Imagemagick convert and groups

I was willing to make some combined images to show off Camille Dolls, but I wanted to have good alignement and spacing between the pictures. I gave a shot at doing it by hand with Gimp but making alignement and spacing by hand was kind of a hassle. I'm pretty sure I missed some features which may have made it easier, but I decided to search another solution. Scribus seems to be made for this kind of things, but tends to be restrictive toward the final output given its main purpose being to design final paper documents.i

In the end, I decided to play with convert and other Imagemagick tools, which proved quite efficient once I got the grasp of groups.

When issuing a convert command for example, you can group set of option and they will be treated like an image. This allows more flexibility in the order to achieve your final result in less command and without, or with less intermediate images.
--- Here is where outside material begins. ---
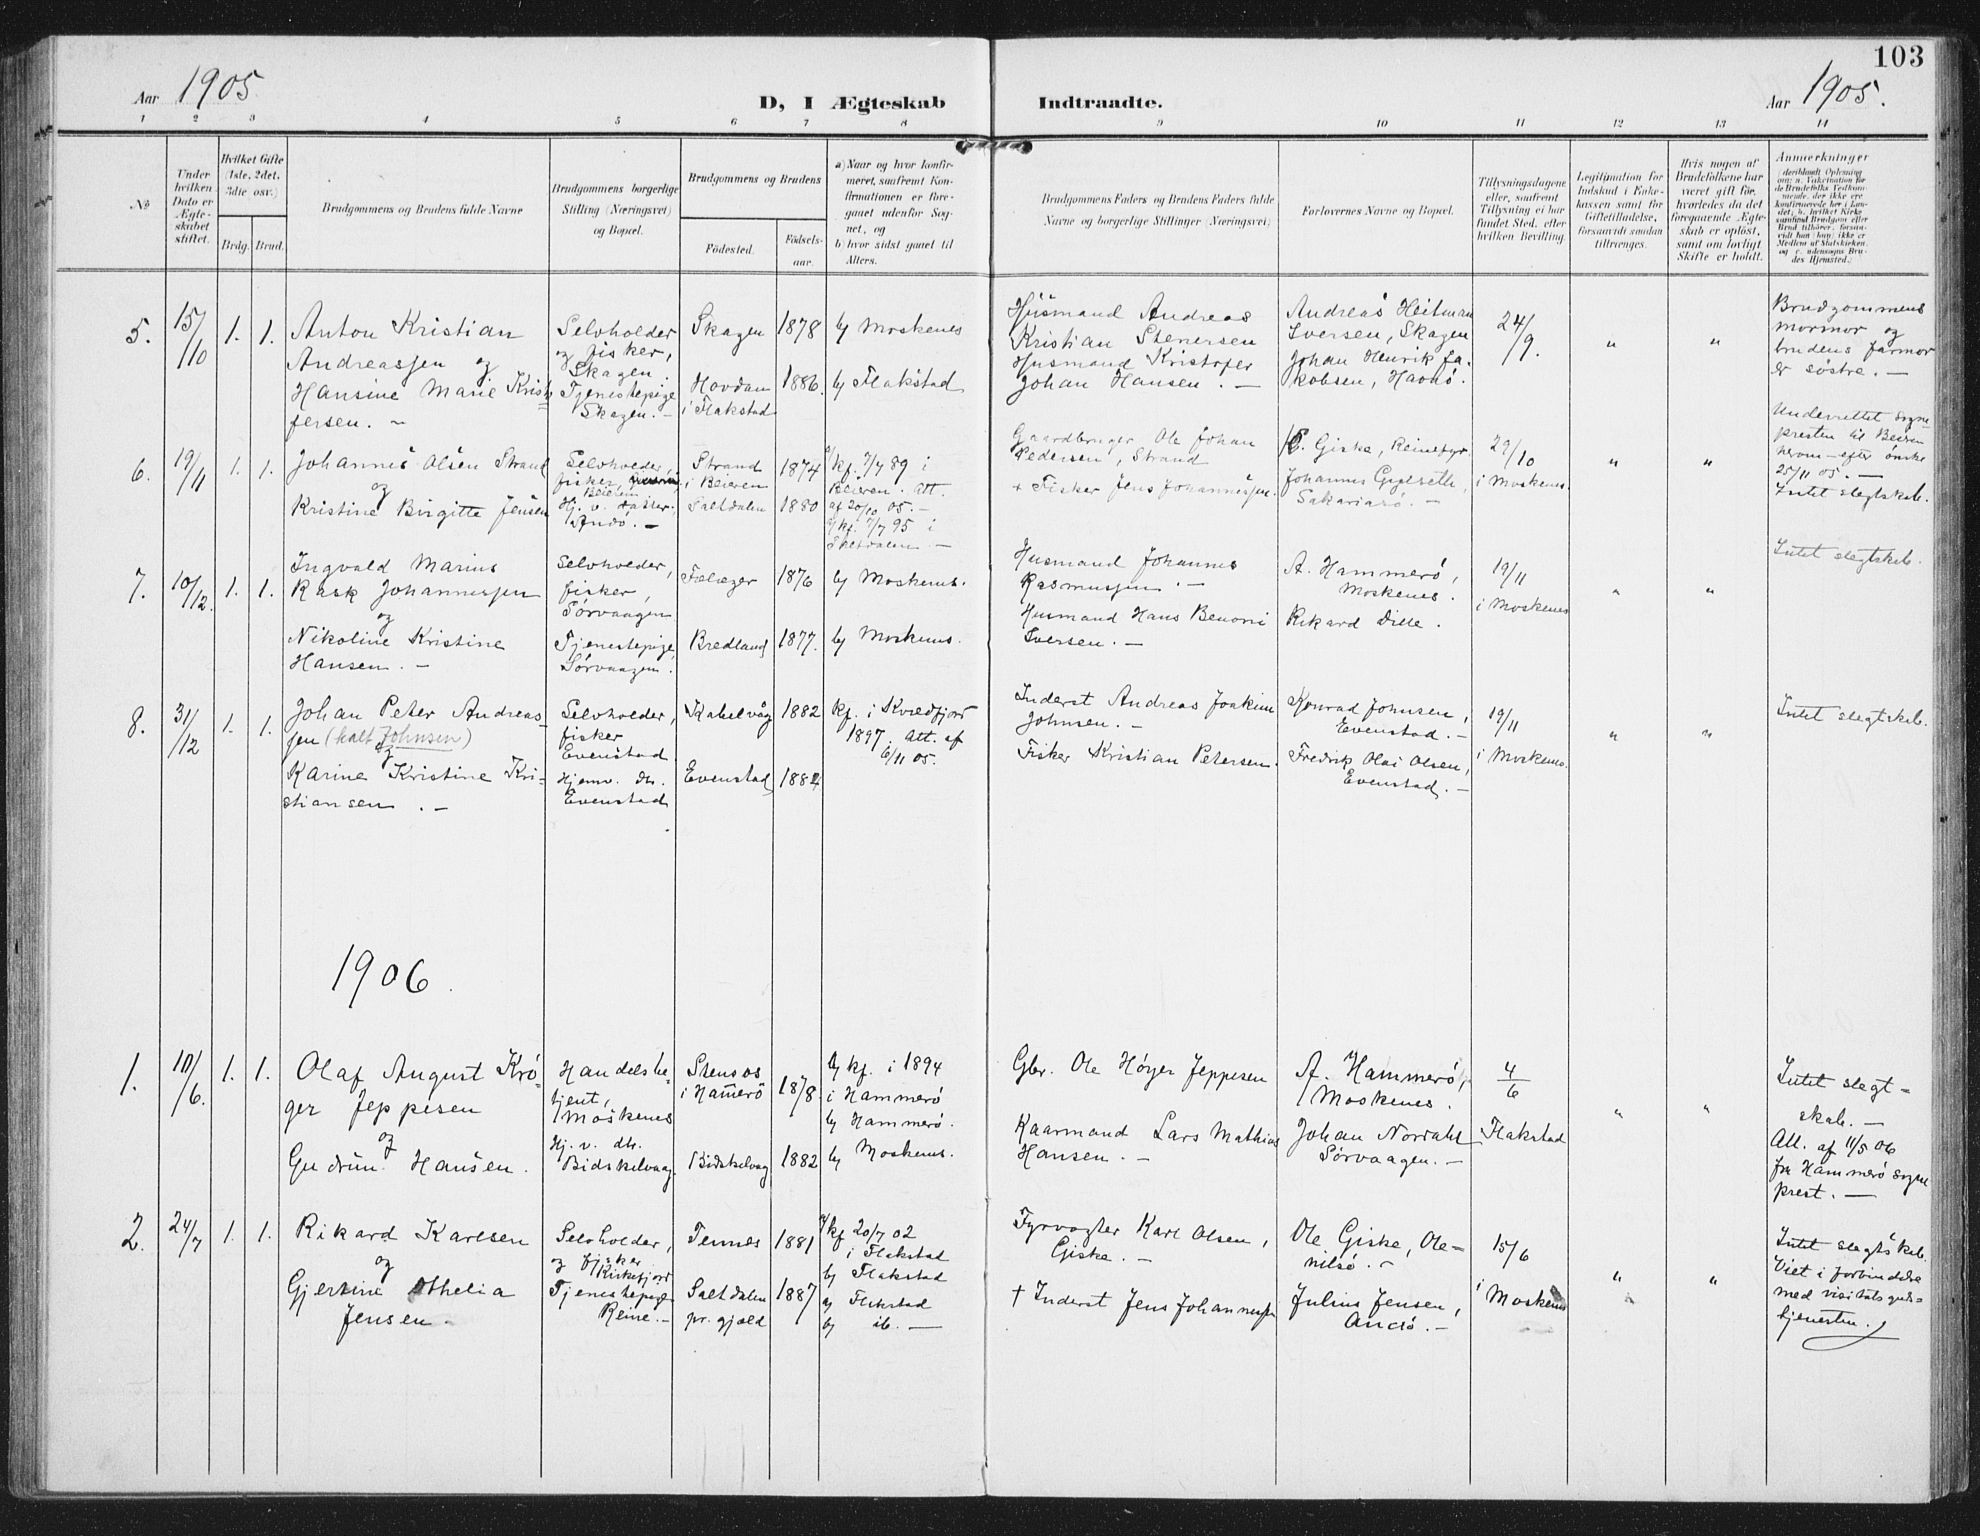 SAT, Ministerialprotokoller, klokkerbøker og fødselsregistre - Nordland, 886/L1221: Ministerialbok nr. 886A03, 1903-1913, s. 103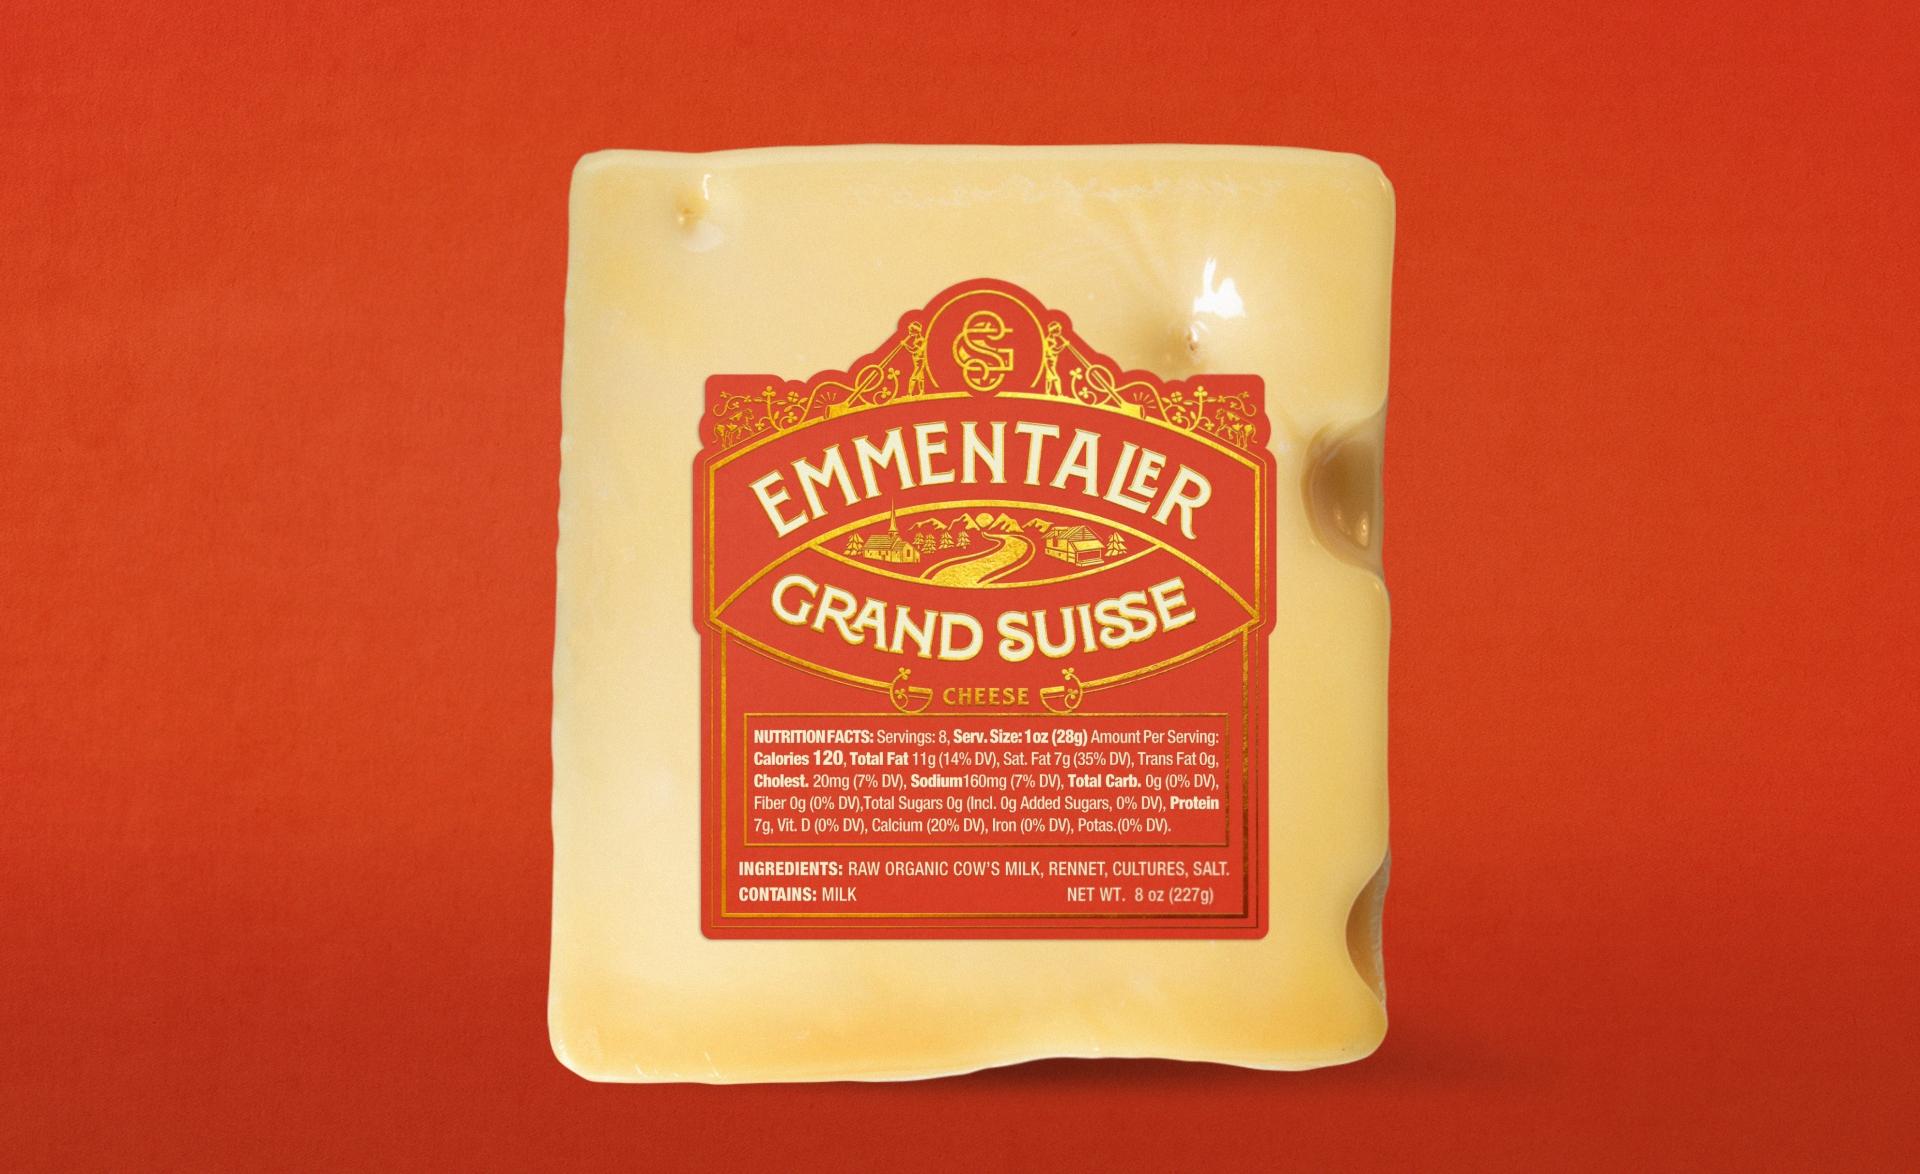 front-label-cheese-emmentaler-preview-grand-suisse-close-zeki-michael-design-branding-studio-packaging-red copy

To stack 2 pictures on top of each other with a 10 pixels separation and a 10 pixels border around the whole thing, the steps are:

  • take first image
  • extent it by its height + 10
  • take second image
  • stack them
  • add border to whole thing

A useful command is identify which can give you output information about an image, and allows calculations to be done, to get the height + 10:

identify -format 'x%[fx:H+10]' in.png

To group commands in convert you put them between parenthesis, that needs to be escaped so your shell don't interpret them:

convert \( \( command1 \) \( command2 \) \) command_on_result out.png

So for our example:

img1=A.png
img2=B.png
convert \
    \( \ # group for resulting images stacked
        \( $img1 -extent $(identify -format 'x%[fx:H+10]' $img1) \) \ # take first pic and add 10px
        $img2 \
    \) \
    -append # stack images
    -border 10x10 \ # add border around stacked images
    out.png

A more complete thing I did was stack 2 pictures on the left, for a total of 800px, and then add another picture of 800px on the right, so to achieve this:

  • resize first picture to 395px height
  • add 10px space
  • resize the second picture to 395px height
  • stack them
  • add 10px to width to the result, you need to know the width of the resized images
  • add last picture to the right
  • add border

In term of convert:

convert \( \
  \( \
    \( -geometry x395 img1.png -extent x405 \) \ # resize + add 10px margin
    img2.png  -append \
  \) -extent 405x \ # add 10px to width
  img3.png
  \) +append \
  -border 10x10 \
  out.png

I hope this can be of some help to someone, you can check out my results.